— Спокойной ночи! — сказал, появляясь из ванной, Саймон.
— Ну Саймон, пожалуйста, не сердись!
— Одну секунду, Саймон, — сказал Джулиус. — Погоди ровно секунду. Вы с Морган выйдете вместе.
Глянув ему в лицо, Морган выразительно подняла бровь:
— Хорошо, Джулиус. И все равно ты бог.
— Саймон, — Джулиус выглядел теперь очень серьезным и говорил почти повелительно, — советую тебе не рассказывать Акселю о крошечном фарсе, случившемся здесь сегодня вечером.
— Саймон, конечно, ты ничего не расскажешь Акселю, — вскрикнула Морган. — Я умерла бы со стыда! Ему все это не покажется забавным.
— Это и не забавно! — отпарировал Саймон.
— Ты знаешь, какие у Акселя строгие взгляды. Абсурд претит ему, — продолжал Джулиус.
— А тебя так и тянет к абсурдному, милый Саймон, — вставила Морган.
— У него может возникнуть ощущение, что ты его осрамил, — сказал Джулиус.
— К тому же это было бы нечестно и по отношению ко мне. Ты только подумай: а вдруг Аксель скажет Руперту? Нет, пусть это будет нашей тайной. Пусть больше никто ничего не знает, — добавила Морган.

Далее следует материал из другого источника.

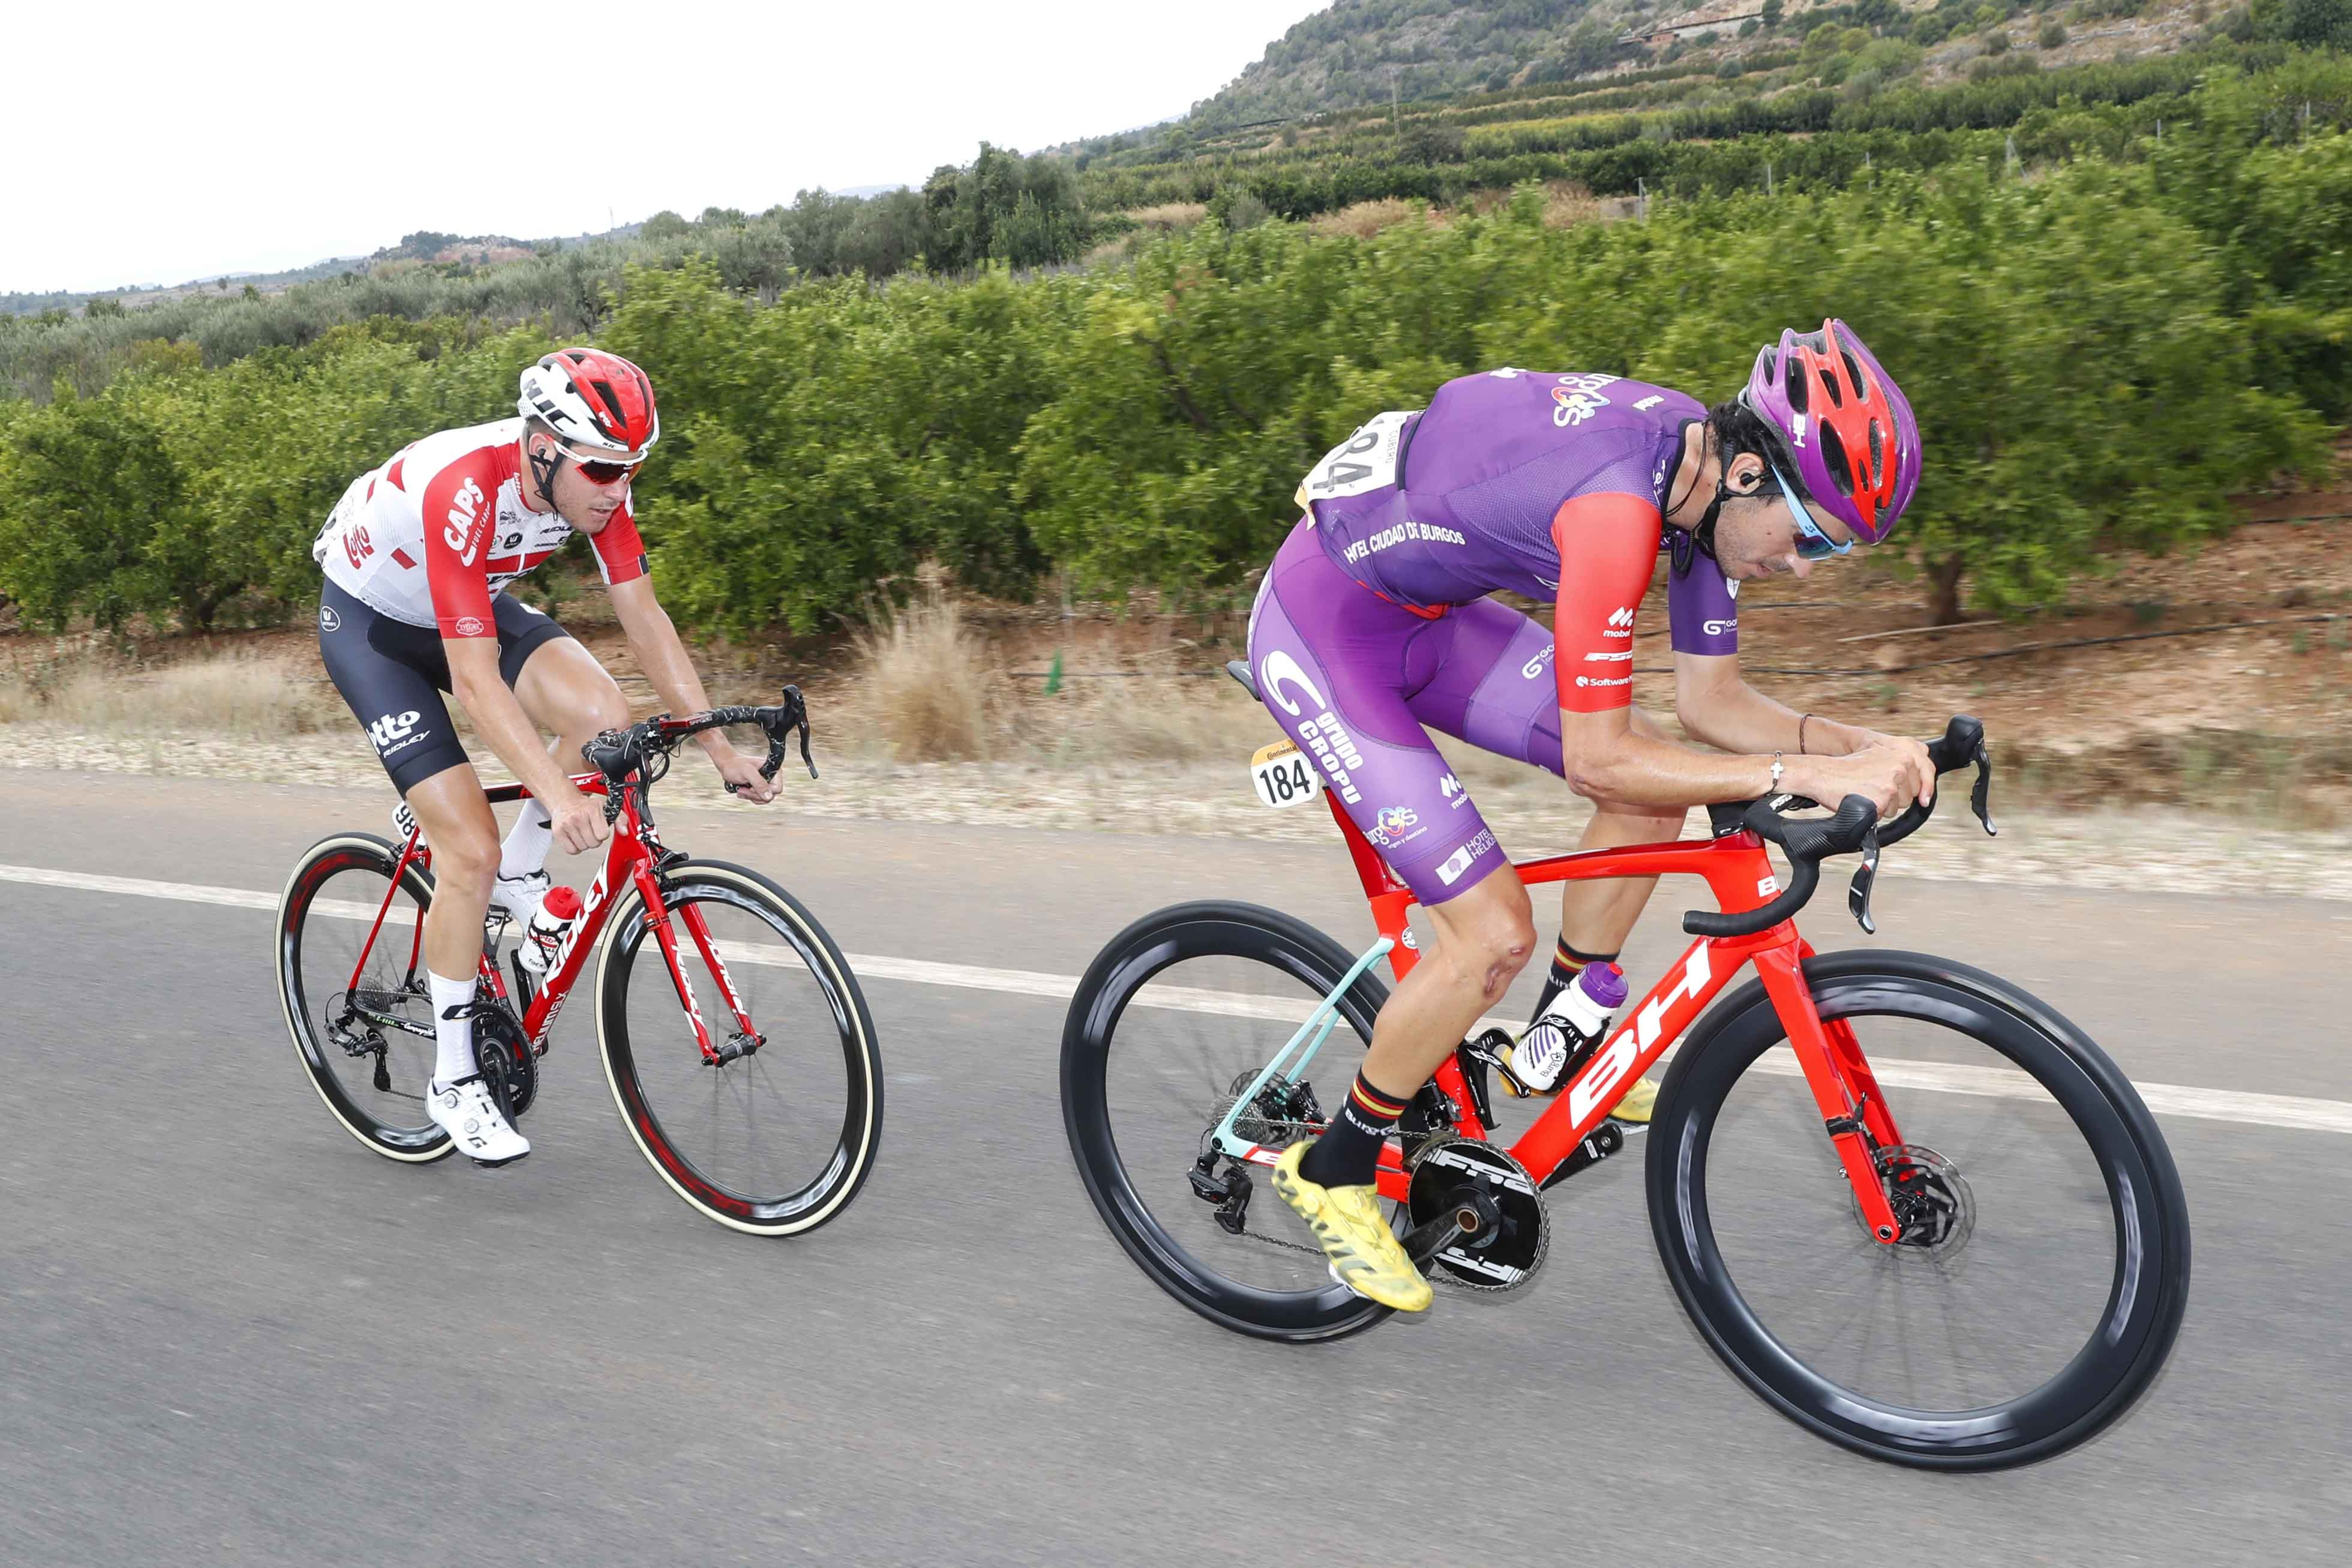 Jorge Cubero La Vuelta Burgos BH
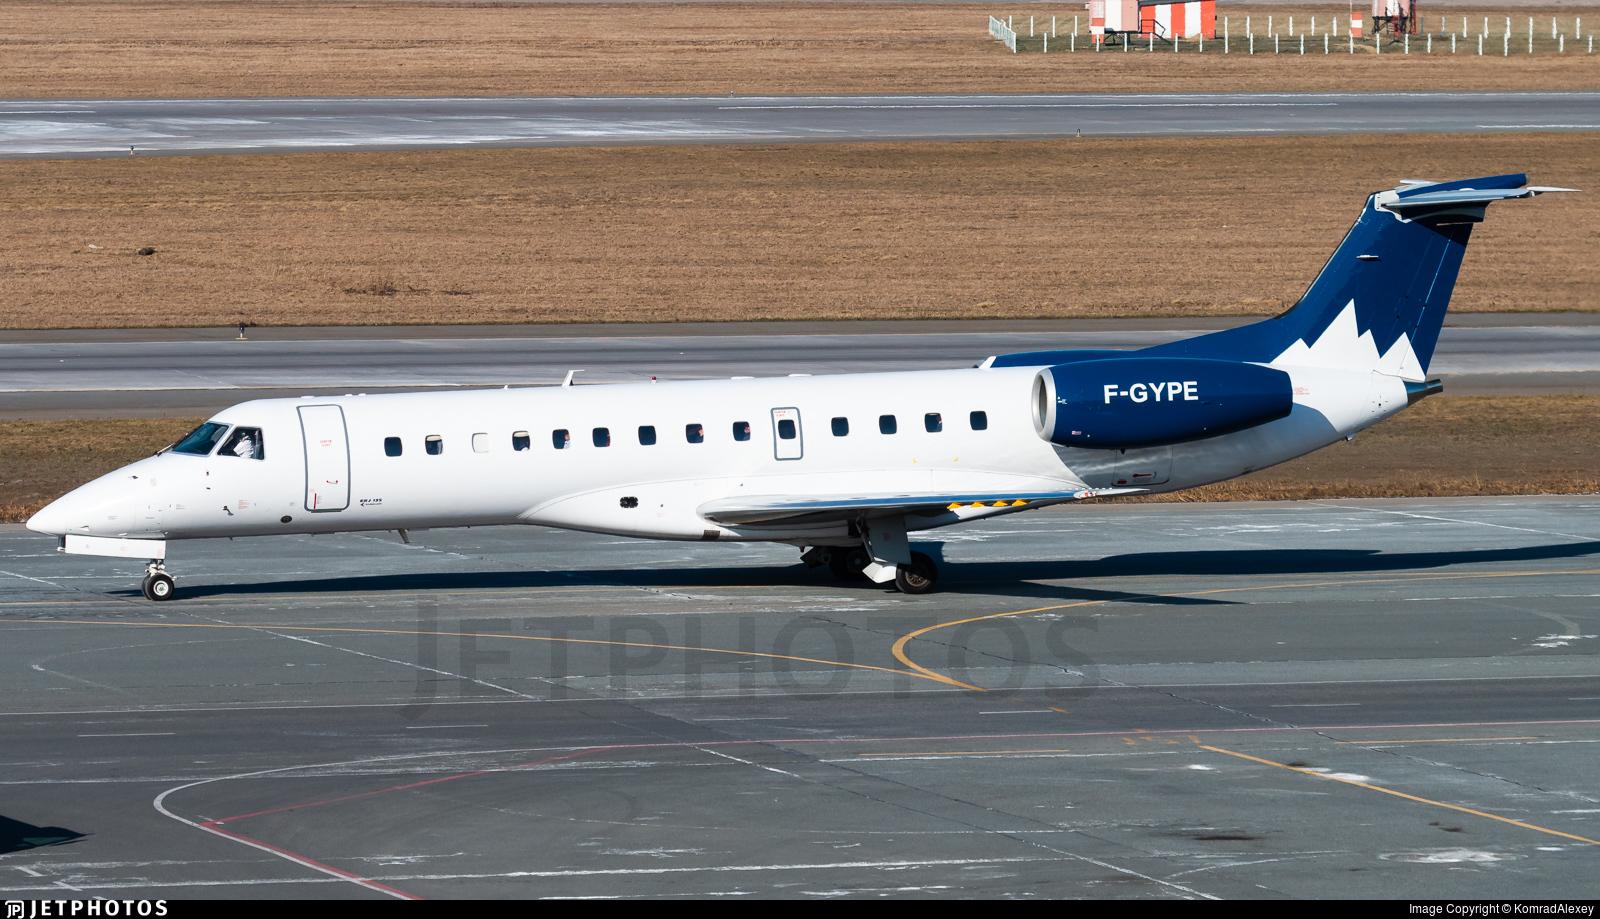 F-GYPE - Embraer ERJ-135LR - Pan Europeene Air Service

— Морган права, — подтвердил Джулиус.
— Хорошо, — поник Саймон. Его опять обуял прежний страх, ощущение первого шага вниз, под темные своды. — Но что, если я вернусь, а Аксель уже будет дома?..
— Придумаешь что-нибудь, — пожала плечами Морган.
— Лишняя болтовня часто губит любовь, — сказал Джулиус. — Необходимый ингредиент счастливого брака — умение, если нужно, чуть-чуть солгать.
— Ну хорошо, уговорили, — сдался Саймон, по очереди посмотрев на говорящих. Все еще раскрасневшиеся от смеха, они выглядели такими уверенными, такими сильными.
Несколькими минутами позже они с Морган уже ловили такси на Брук-стрит. Саймон вернулся домой раньше Акселя.
14
— Тебе лучше идти, дорогая, — сказала Хильда, — иначе тебе грозит ненароком столкнуться с Таллисом.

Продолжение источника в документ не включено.